2021-01-29 21:59:09,622 - hoaxy(init) - INFO: Site file /home/ubuntu/.hoaxy/sites.yaml found
Traceback (most recent call last):
File "/home/ubuntu/anaconda2/envs/hoaxy/bin/hoaxy", line 11, in
TypeError: list indices must be integers or slices, not str
I dont really understand the error when I look at the sites.yaml file.
@chathuriw Can you please try with the same yaml file used by @awallemo ?
@awallemo, here is the correct yaml file. Your yaml file misses the 'sites' tag. (I had to rename it as txt to upload. Please remove it before you use it).

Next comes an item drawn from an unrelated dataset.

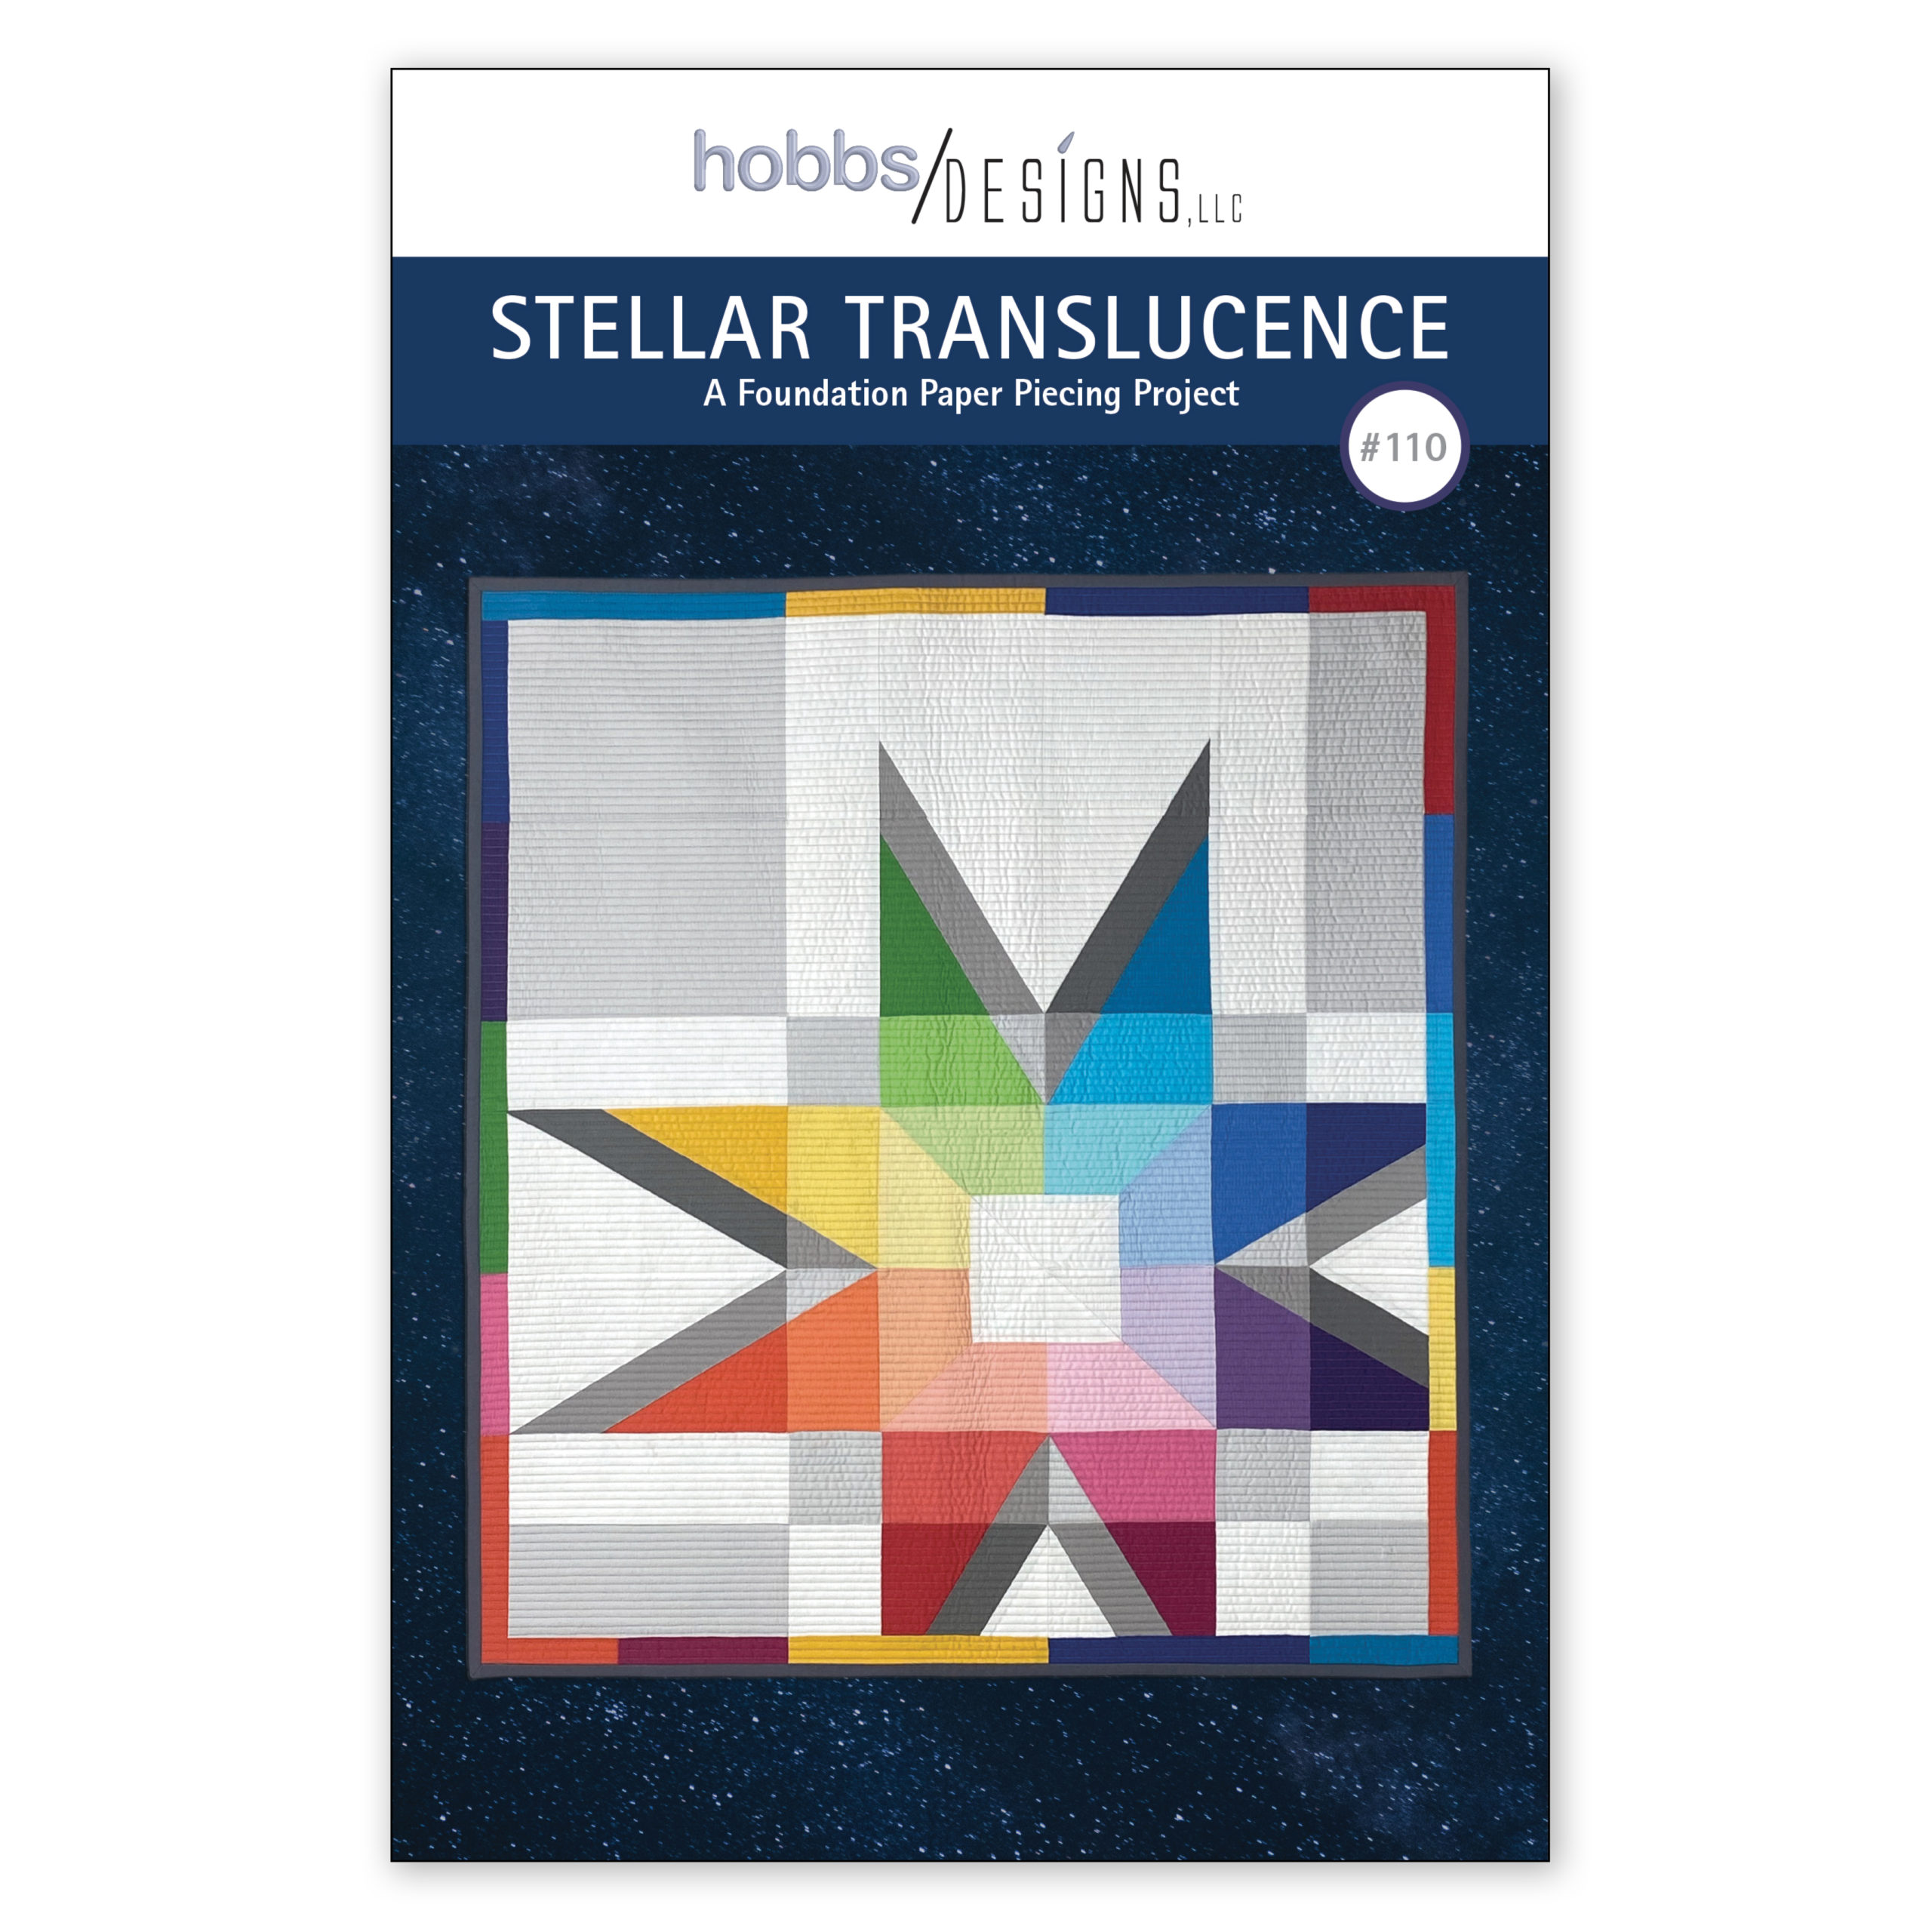 Stellar Translucence quilt pattern cover

Le t me know if you are still having issues.
It worked now, thanks!
2021-01-26 13:16:54,656 - hoaxy(init) - INFO: Site file /home/ubuntu/.hoaxy/sites.yaml found Traceback (most recent call last): File "/home/ubuntu/anaconda2/envs/hoaxy/bin/hoaxy", line 11, in
load_entry_point('hoaxy==0.1.0', 'console_scripts', 'hoaxy')()

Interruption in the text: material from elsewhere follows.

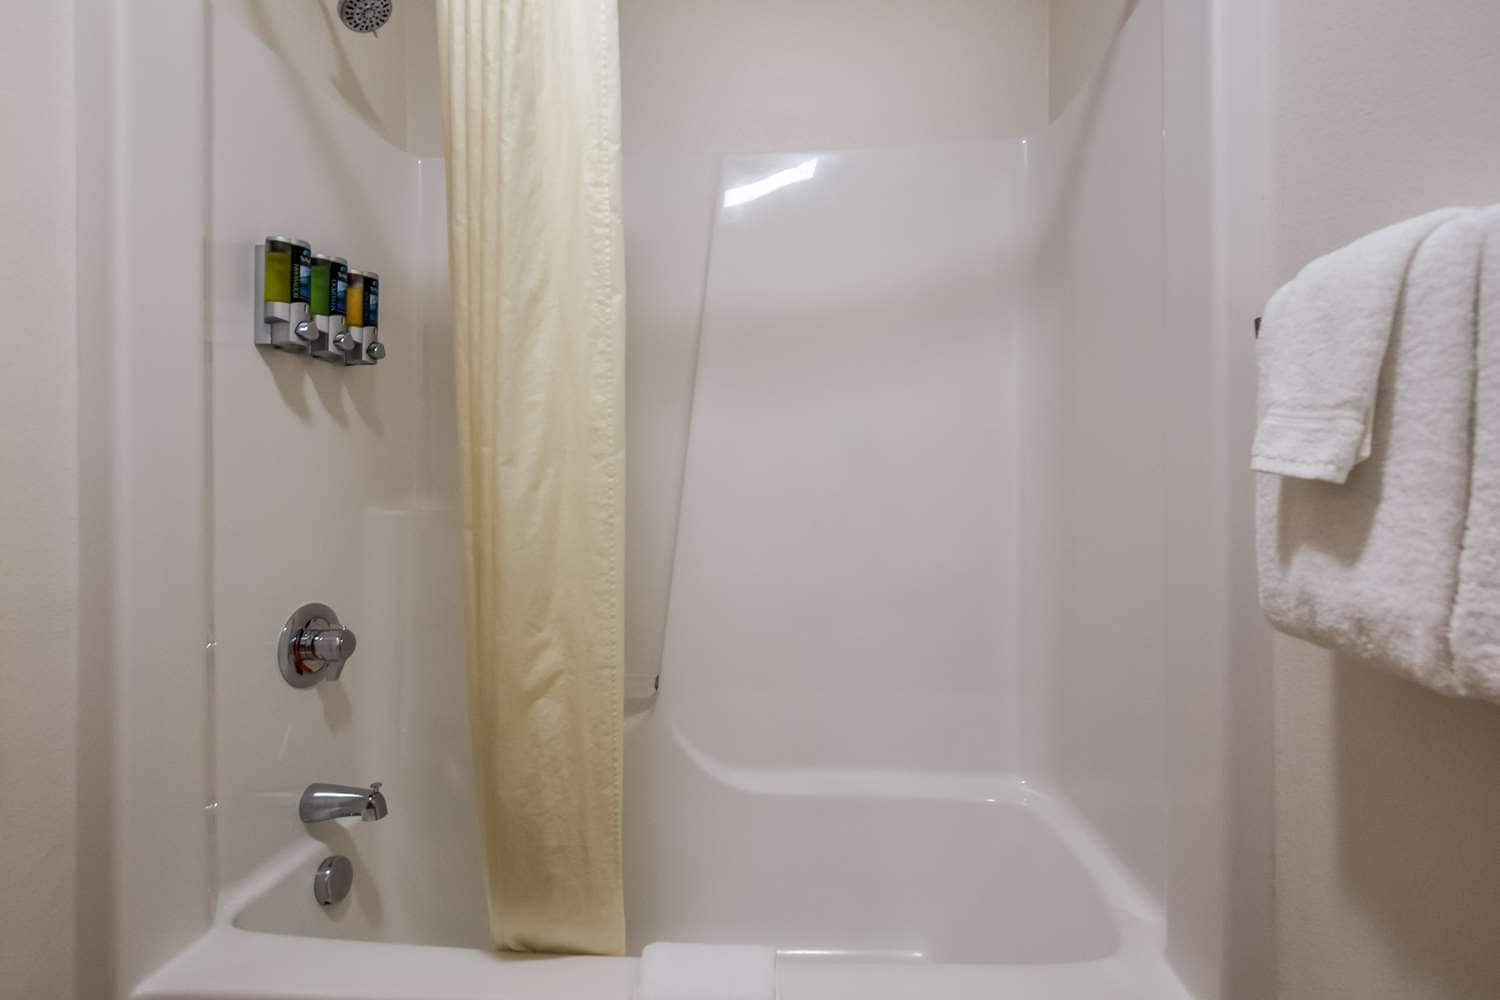 Tornado Body Dryer - Air Dry instead of Towel Dry -- Inside Shower

File "/home/ubuntu/anaconda2/envs/hoaxy/lib/python3.7/site-packages/hoaxy-0.1.0-py3.7.egg/hoaxy/commands/cmdline.py", line 122, in main
File "/home/ubuntu/anaconda2/envs/hoaxy/lib/python3.7/site-packages/hoaxy-0.1.0-py3.7.egg/hoaxy/commands/init.py", line 138, in run
File "/home/ubuntu/anaconda2/envs/hoaxy/lib/python3.7/site-packages/hoaxy-0.1.0-py3.7.egg/hoaxy/commands/init.py", line 115, in init
File "/home/ubuntu/anaconda2/envs/hoaxy/lib/python3.7/site-packages/hoaxy-0.1.0-py3.7.egg/hoaxy/commands/site.py", line 368, in load_sites
TypeError: list indices must be integers or slices, not str
Whenever I run the hoaxy init command I get this error. Any recommendations on what to do?